▸ SUPPLIED MATERIAL
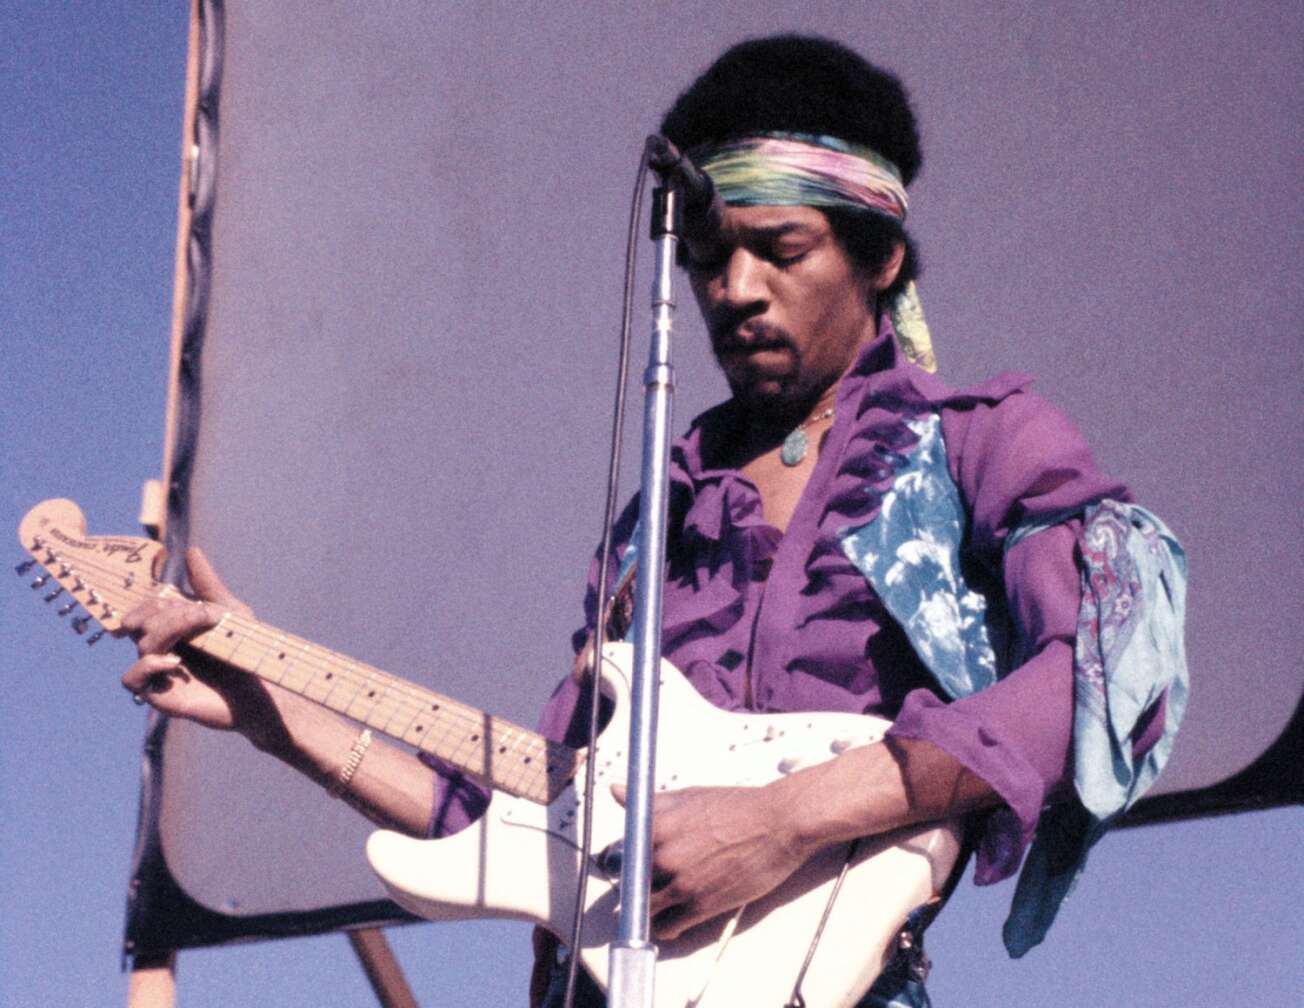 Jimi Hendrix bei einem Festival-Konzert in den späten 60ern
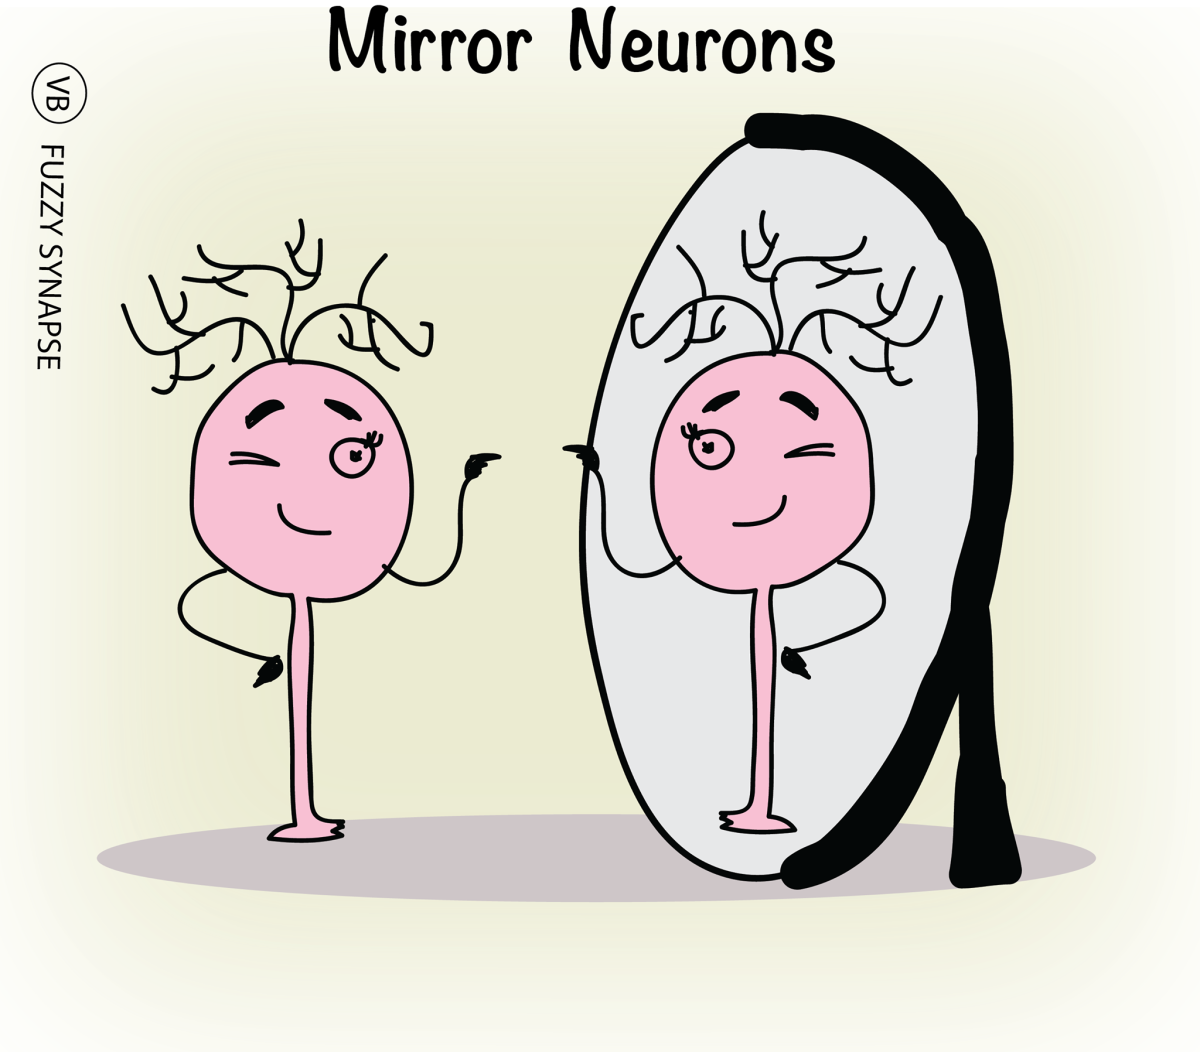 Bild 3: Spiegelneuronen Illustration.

--

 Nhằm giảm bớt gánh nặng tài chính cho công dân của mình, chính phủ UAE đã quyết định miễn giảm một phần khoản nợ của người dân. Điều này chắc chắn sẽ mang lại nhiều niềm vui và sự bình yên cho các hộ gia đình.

* * *

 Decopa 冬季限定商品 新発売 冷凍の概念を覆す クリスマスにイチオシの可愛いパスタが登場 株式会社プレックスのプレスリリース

▸ PROBLEM TO WORK ON
Of the lines above, copy only those from the one holding "Jimi Hendrix bei" to the one holding "Bild 3: Spiegelneuronen Illustration.", both included, and exclude every image.

▸ RESULT
 Jimi Hendrix bei einem Festival-Konzert in den späten 60ern
 Bild 3: Spiegelneuronen Illustration.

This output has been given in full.